Output, word for word, the lines of this listing that fall between the line with "New Balance Fresh" and the line with "Marlin in Finding Nemo.", counting both of those lines, and no others.

Extracted material:
Start of Block
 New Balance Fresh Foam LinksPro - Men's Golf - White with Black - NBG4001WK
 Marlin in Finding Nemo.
End of Block
Start of Block
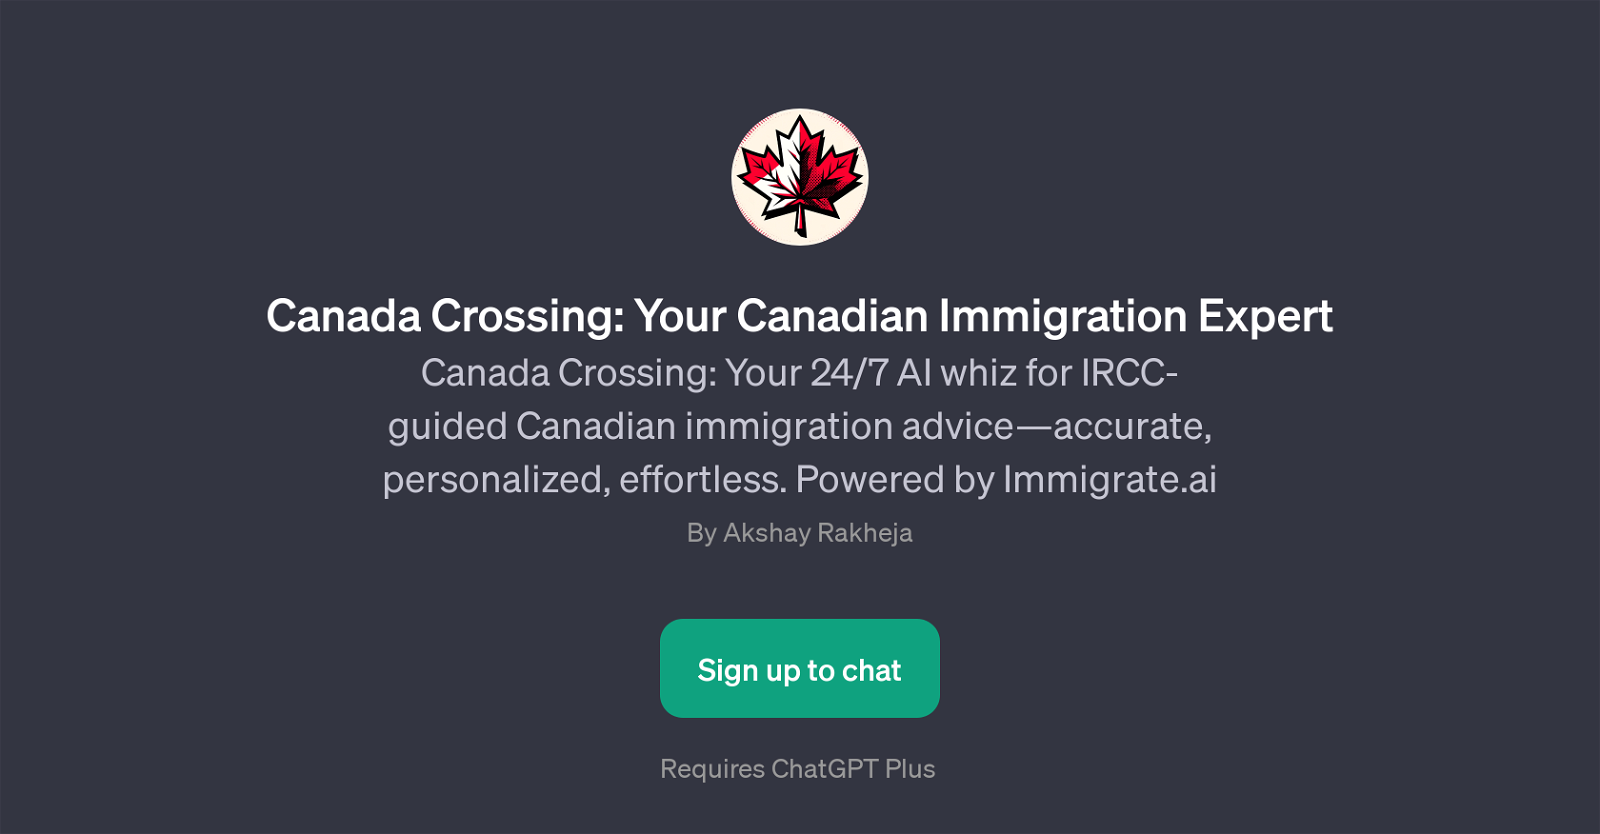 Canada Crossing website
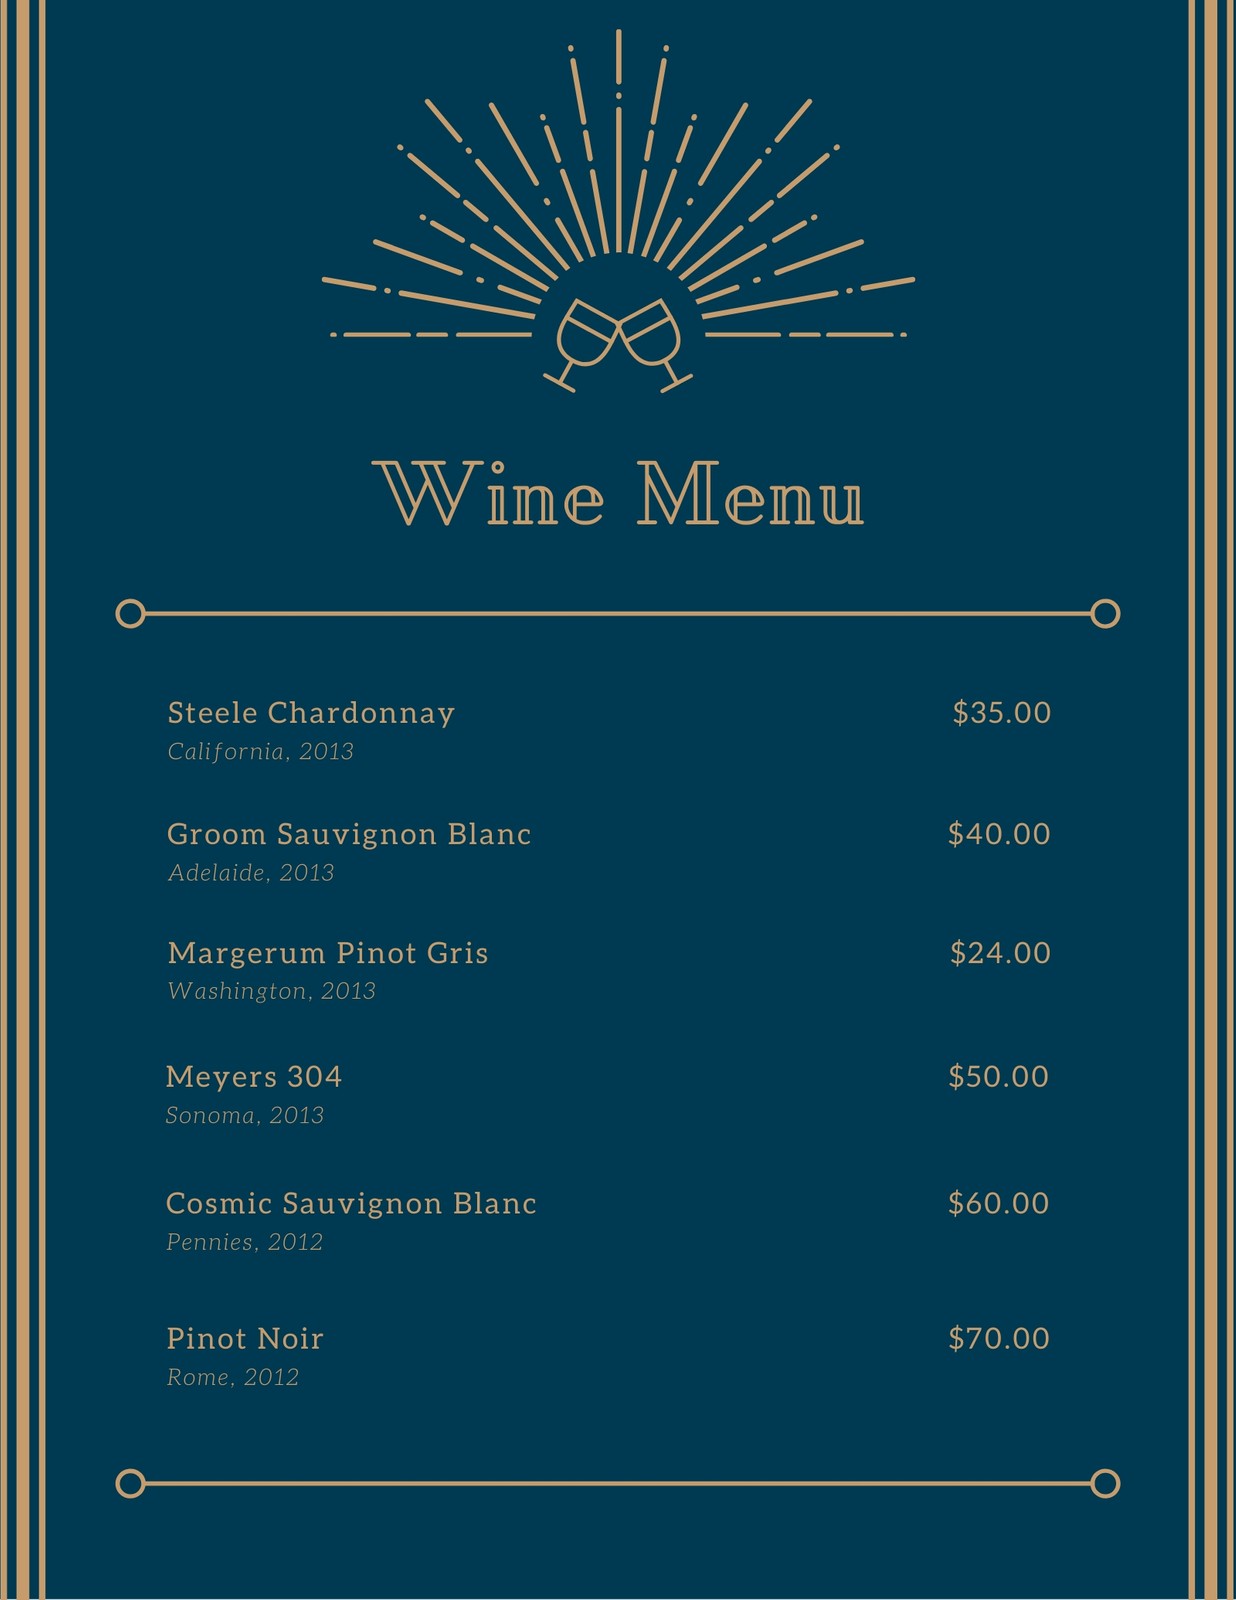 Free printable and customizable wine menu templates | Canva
End of Block
Start of Block
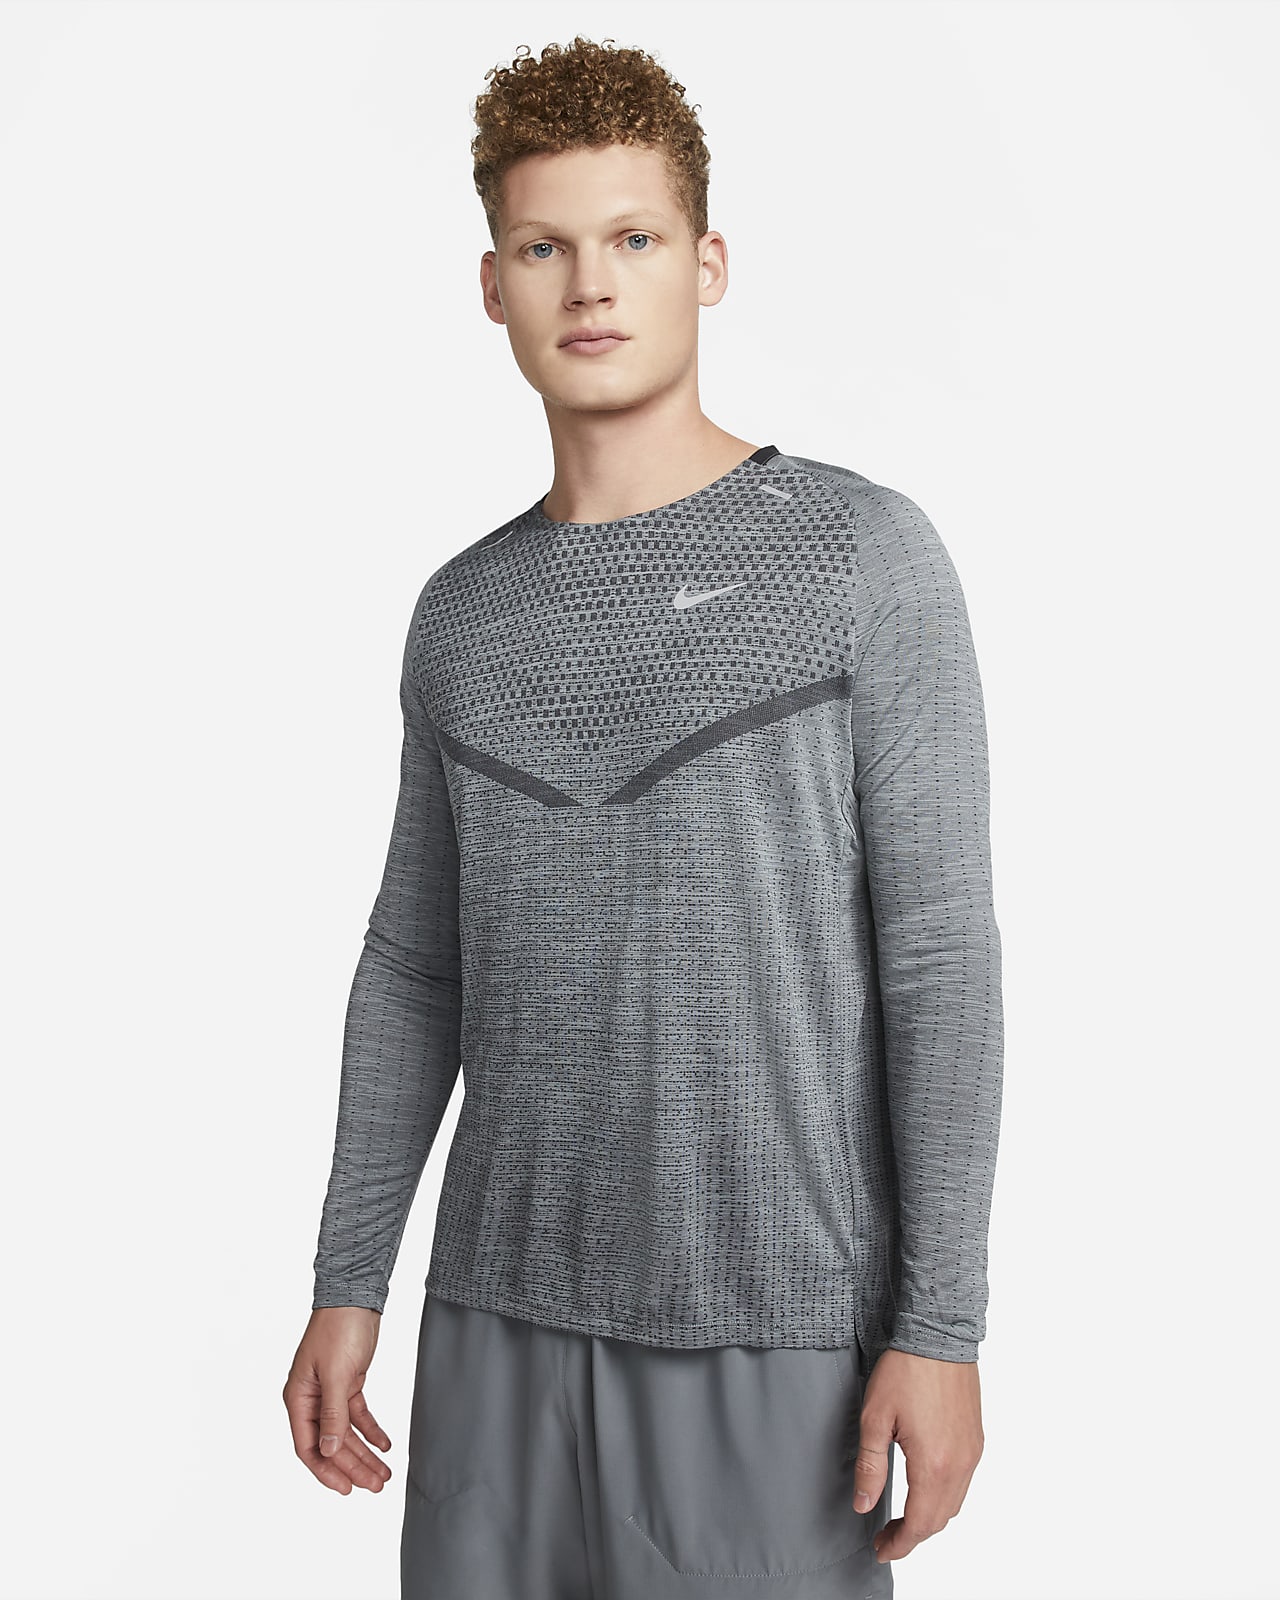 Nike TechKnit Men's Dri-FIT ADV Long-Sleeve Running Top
End of Block
Finished exercise:
 New Balance Fresh Foam LinksPro - Men's Golf - White with Black - NBG4001WK
 Marlin in Finding Nemo.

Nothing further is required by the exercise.